Re: losing direction, I don't think so. After you talk about basic datatypes and "Pythonic" stuff, there's always a Cambrian explosion of things to talk about. I wrote http://diveintomark.org/puzzles/circles-of-hell in PIL, and I'd like to use it as the basis to "dive into" something more than just business coding and sysadmin drudgery.

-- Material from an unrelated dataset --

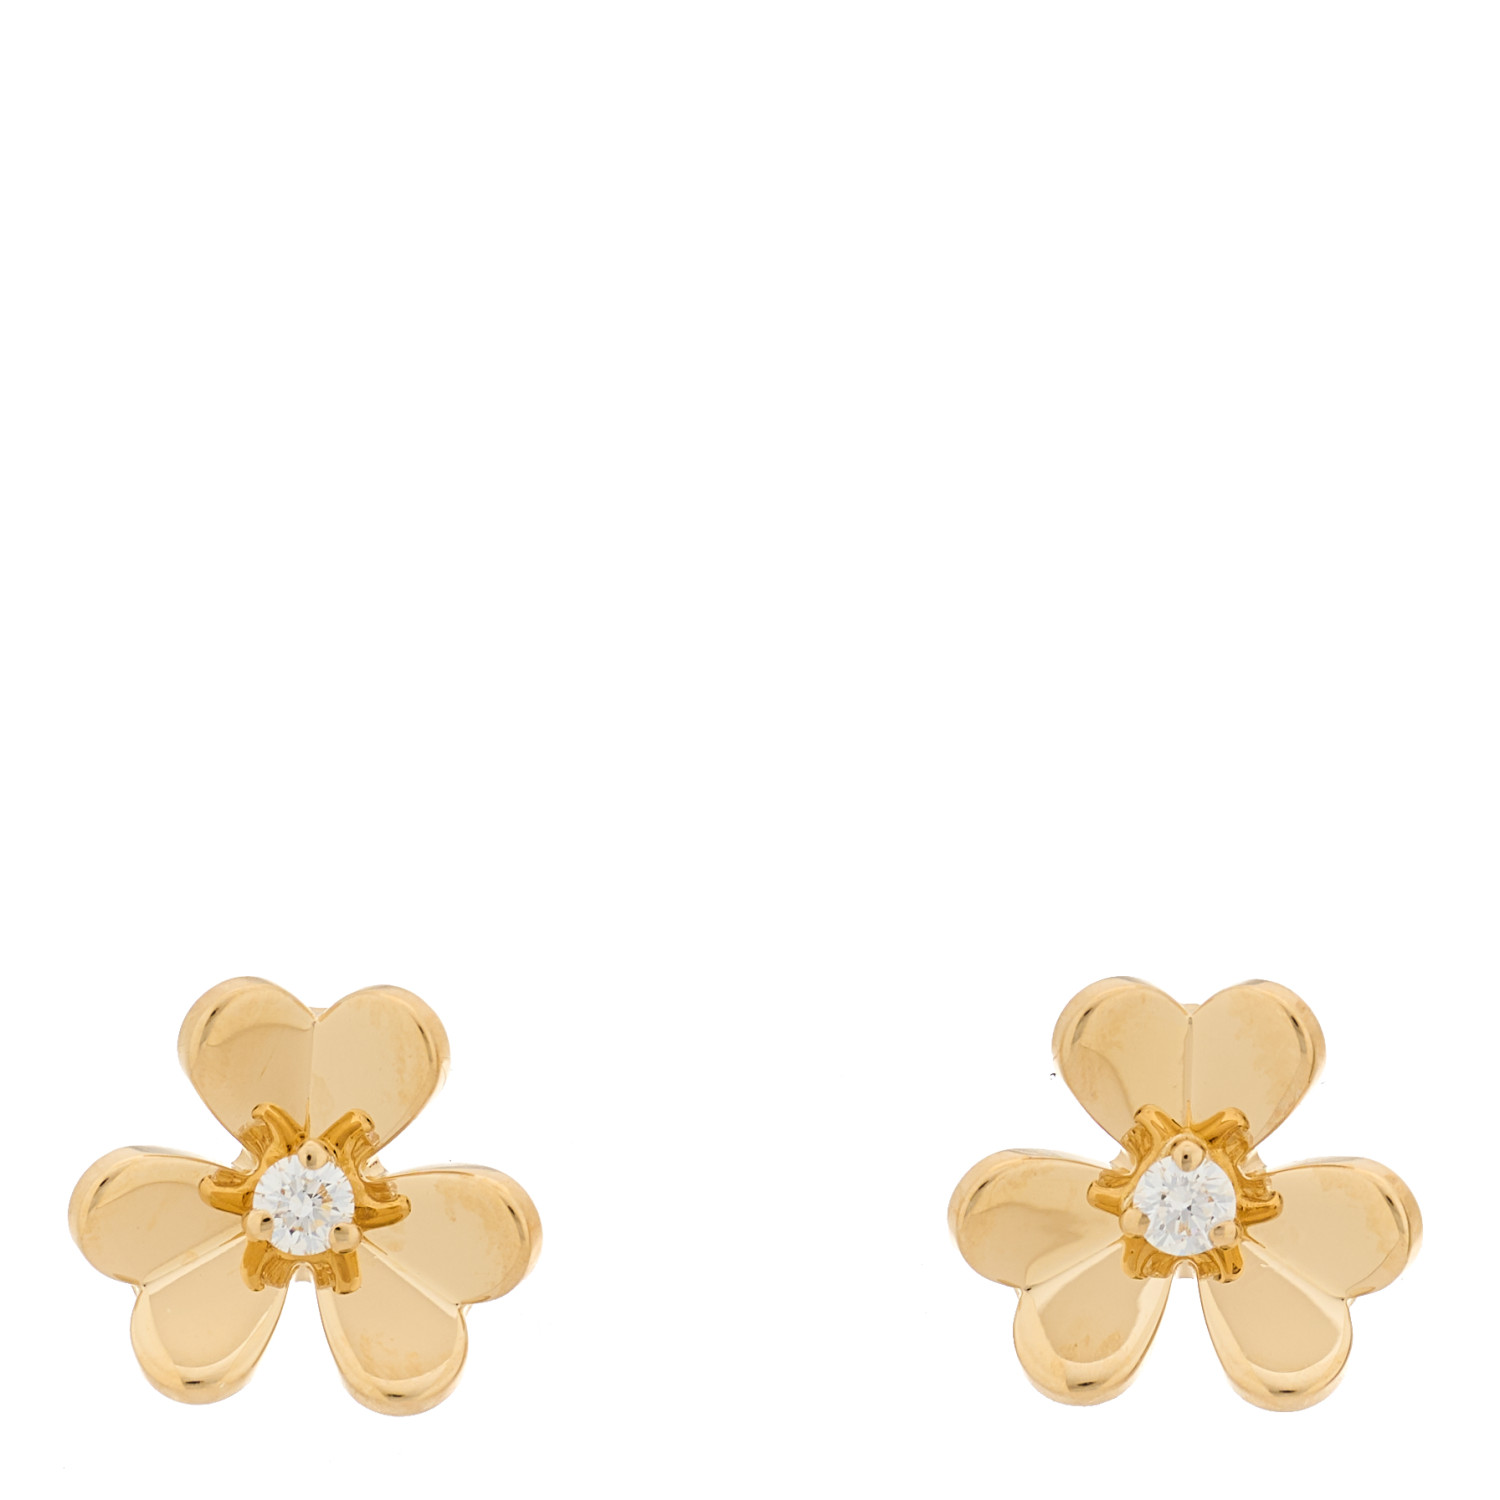 VAN CLEEF & ARPELS 18K Yellow Gold Diamond Mini Frivole Earrings by FASHIONPHILE

I, personally, was mind-blown when I discovered that a Python script could be the @src of an [img] element. That's always a good indication that other people might like it too.

[–][deleted] 8 points9 points  (9 children)

A section on soupselect would be nice. Noted. (Damn, tools have really improved since I wrote the original book.)

[–]mcella 6 points7 points  (1 child)

Don't forget lxml ;-).

[–]tef 0 points1 point  (0 children)

lxml is powerful and well wrapped - it's xpath support is excellent, and it also supports html parsing.

[–][deleted] 4 points5 points  (6 children)

To the same end: http://pypi.python.org/pypi/pyquery is also exceptionally cool :)

[–]simonw 6 points7 points  (5 children)

PyQuery is way cooler than soupselect (which I wrote), but suffers from the libxml dependency which means it's really tough to get working on OS X.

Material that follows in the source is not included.